Travis had never thought much about hell—or heaven, either, for that matter. He worried about survival, food in his belly, clothes on his back, a drink when he needed one, and a woman to answer a different kind of need. He’d think about dying when the time came—maybe.

He thought about the other kind of dying, the screaming and cursing and shrieking that went on with some men who weren’t really hurting that bad at the last. “Scared to die,” someone once said of such a man. “He sees the fires of hell.” Bullshit. Travis didn’t believe in heaven or hell or God or the devil. He believed in very few things, but those things he defended with his life. Freedom for every man and the preservation of the Union at any cost, those were the things that mattered because those were the things that affected him here and now. He’d worry about this God and His heaven and hell one day when everything else was taken care of.

He wondered suddenly whether Kitty believed in God. Somehow, he felt that she did. She was a peppery one, that woman. Just thinking about those dancing eyes and the saucy grin made him smile to himself. They’d had their bad moments, but there had been some good ones, too. Then, damn it, right when he let his guard down, actually thought that the little vixen was in love with him, she stabbed him in the back like every other female he’d ever let get to him.

It was cold. He wished the fires were burning, but General Grant had said no lights, not with the Rebs all around. Pulling his poncho around his shoulders, he still felt a spot of tenderness where he’d been wounded. But it had healed, thank God, and he had finally gotten out of that horrible house with that crazy woman pulling at his crotch all the time. He shuddered, remembering.

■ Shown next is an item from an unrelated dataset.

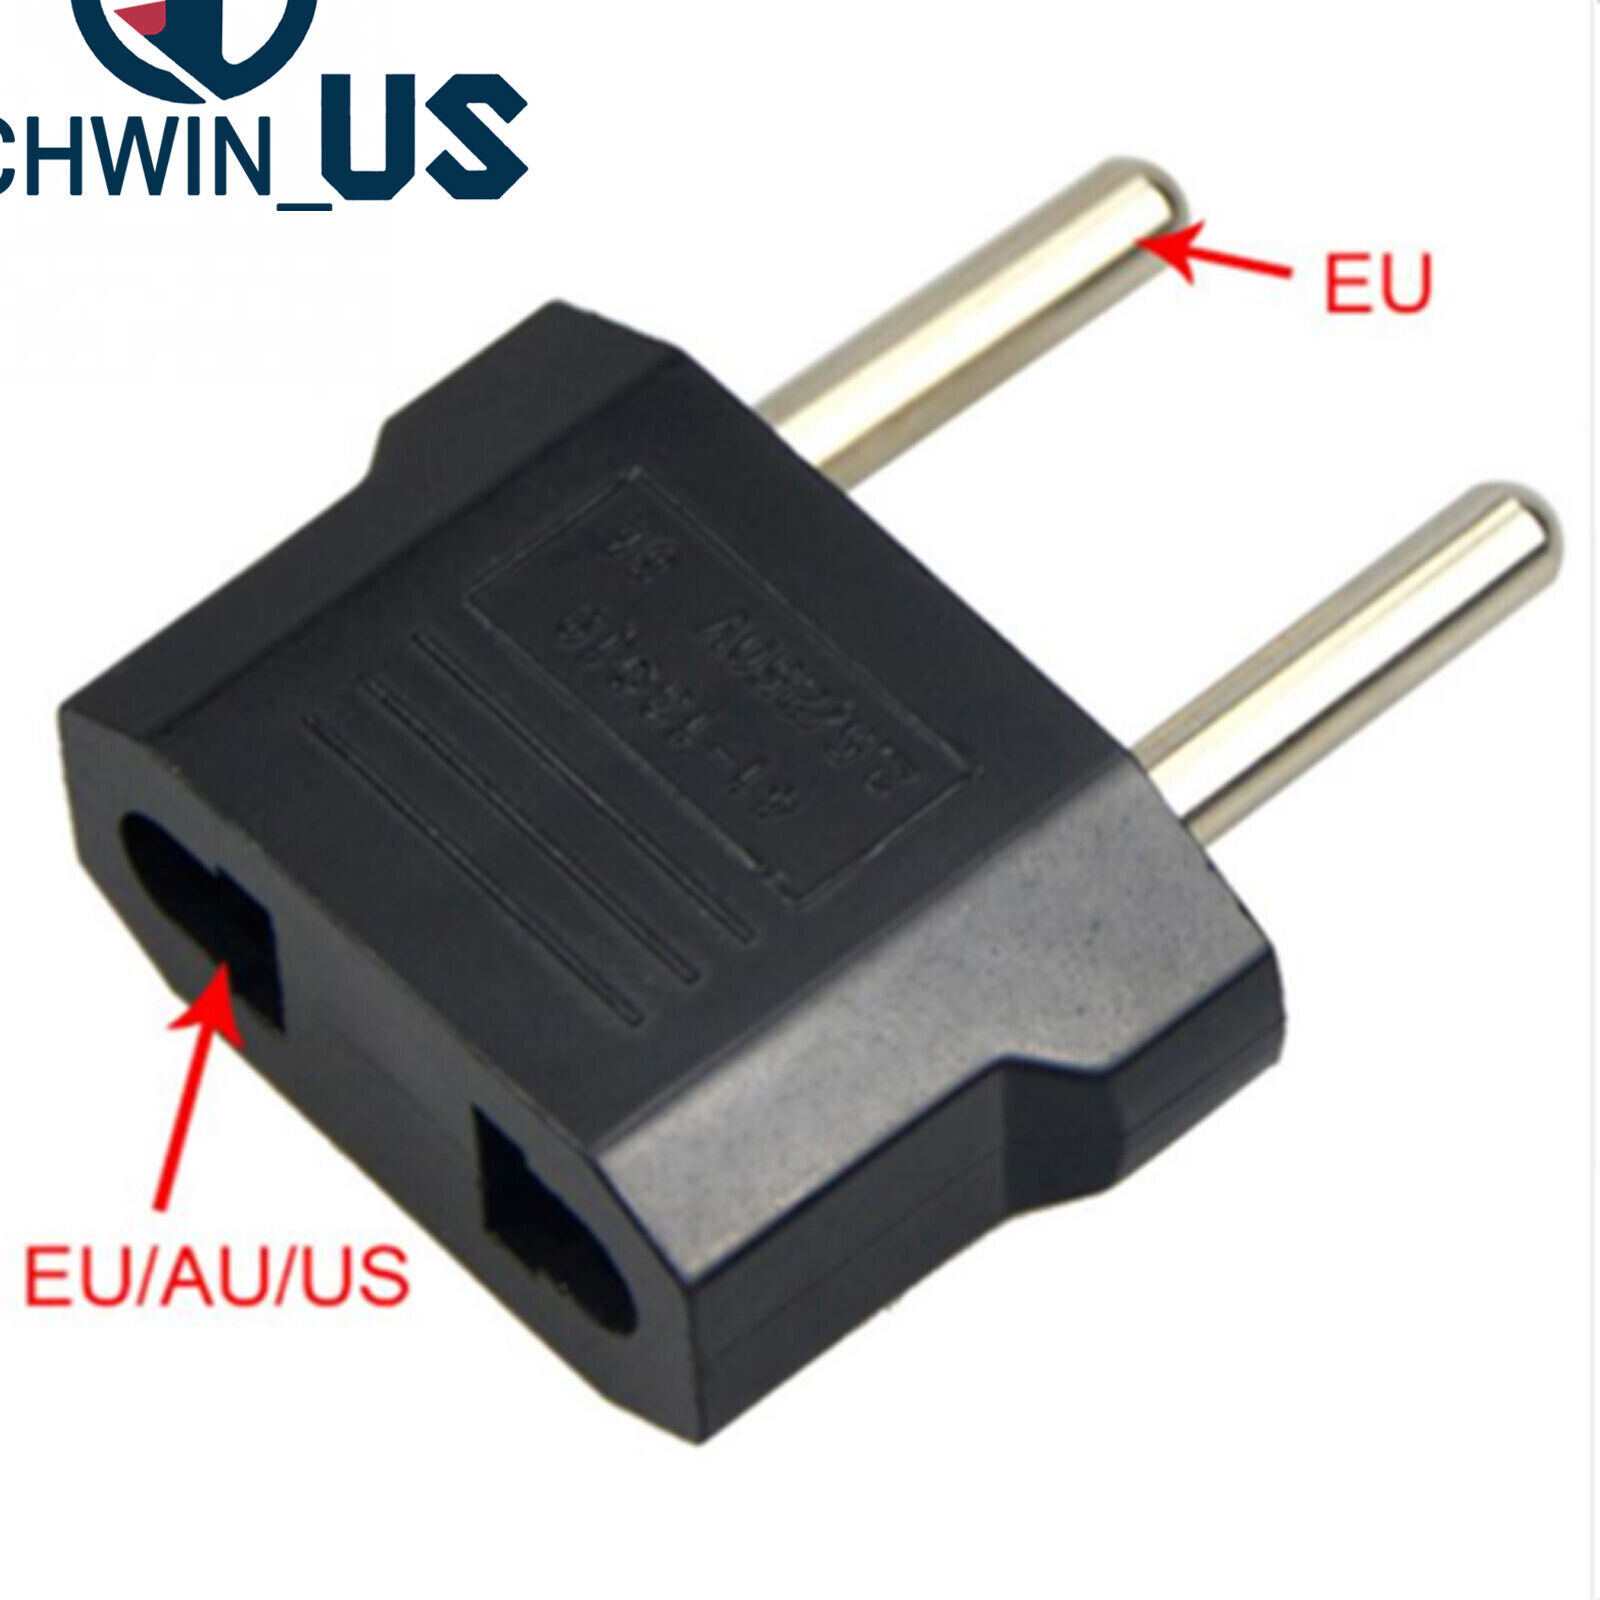 5PCS US/USA to European Euro EU Travel Charger Adapter Plug Outlet Converter
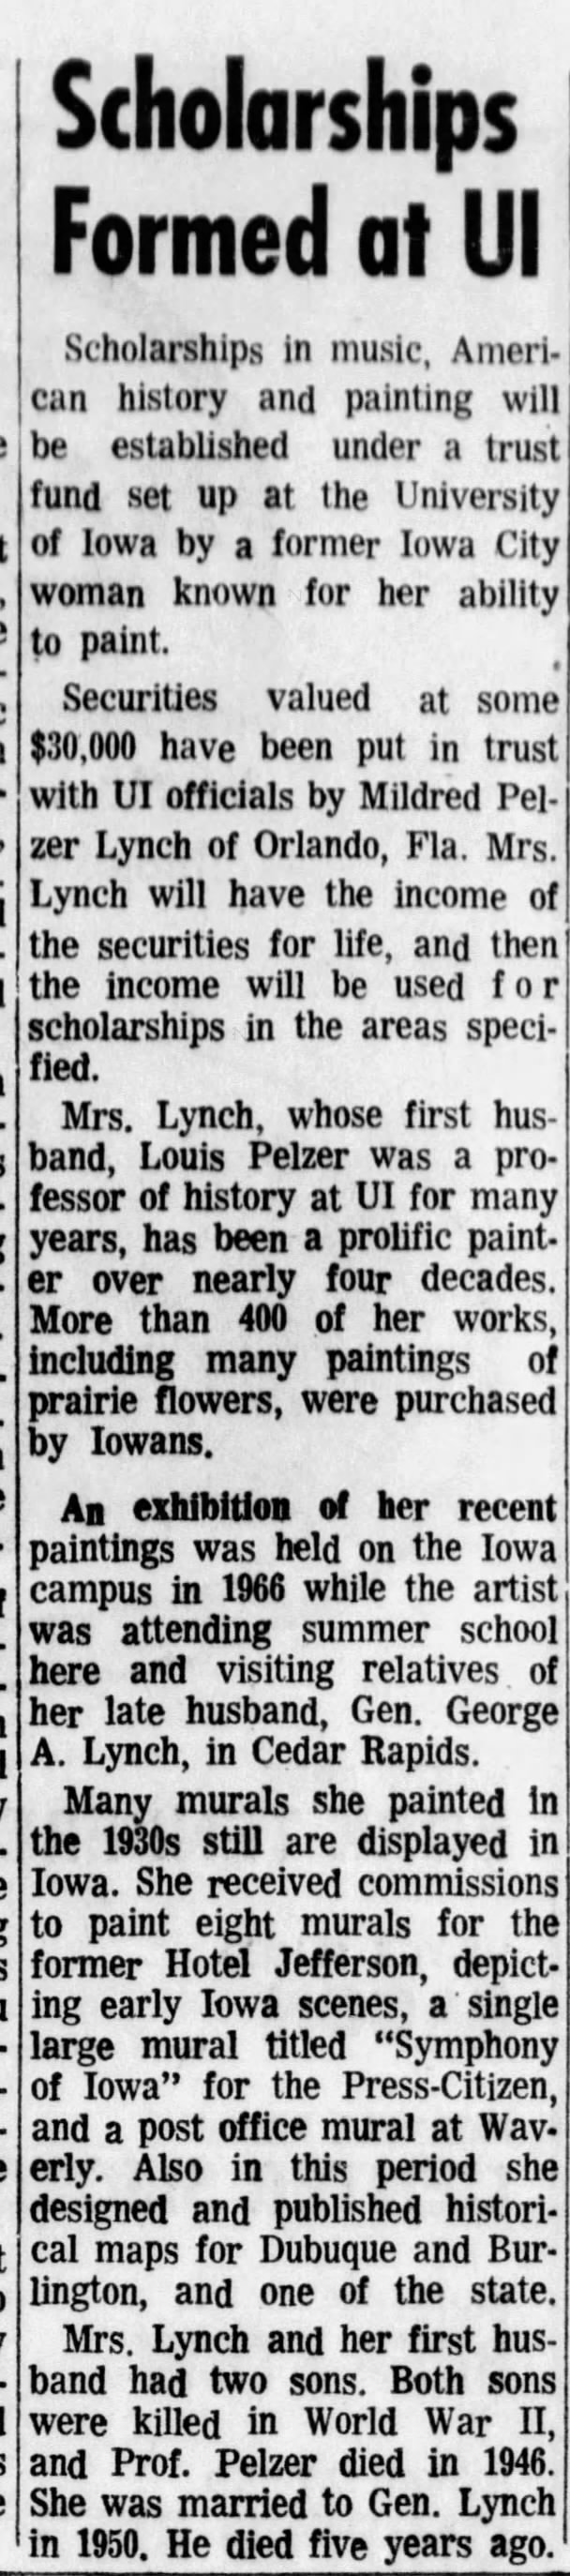 Scholarships formed at UI. The Iowa City Press-Citizen (Iowa City, Iowa) November 11, 1967, p 3

Kitty. Damnit, why did he have to keep thinking about her? She probably hadn’t given him a second thought since that day she’d ridden off with her Rebel boyfriend or whoever the hell he was. For all she knew when that shot was fired, it tore into him instead of the soldier he was struggling with. Maybe he should’ve let him shoot her, Hell, what difference did it make? She hadn’t cared. She’d used him. And if he ever got the chance, he’d make her pay for it. How he’d love to wrap his hands around that smooth-skinned neck and twist until those funny-colored eyes of hers popped out.

No. He shook his head, picked up a rock, flung it to no place in particular, then ran a weary hand through his long ragged hair. He could pretend with Sam and everyone else, but the truth was he’d let himself care something about her. He couldn’t hurt her. Not that he wanted her again. Oh, no, should they ever meet, he’d turn and keep on going, but he wouldn’t hurt her. That funny, warm feeling he got whenever she came to mind would keep him from actually hurting her.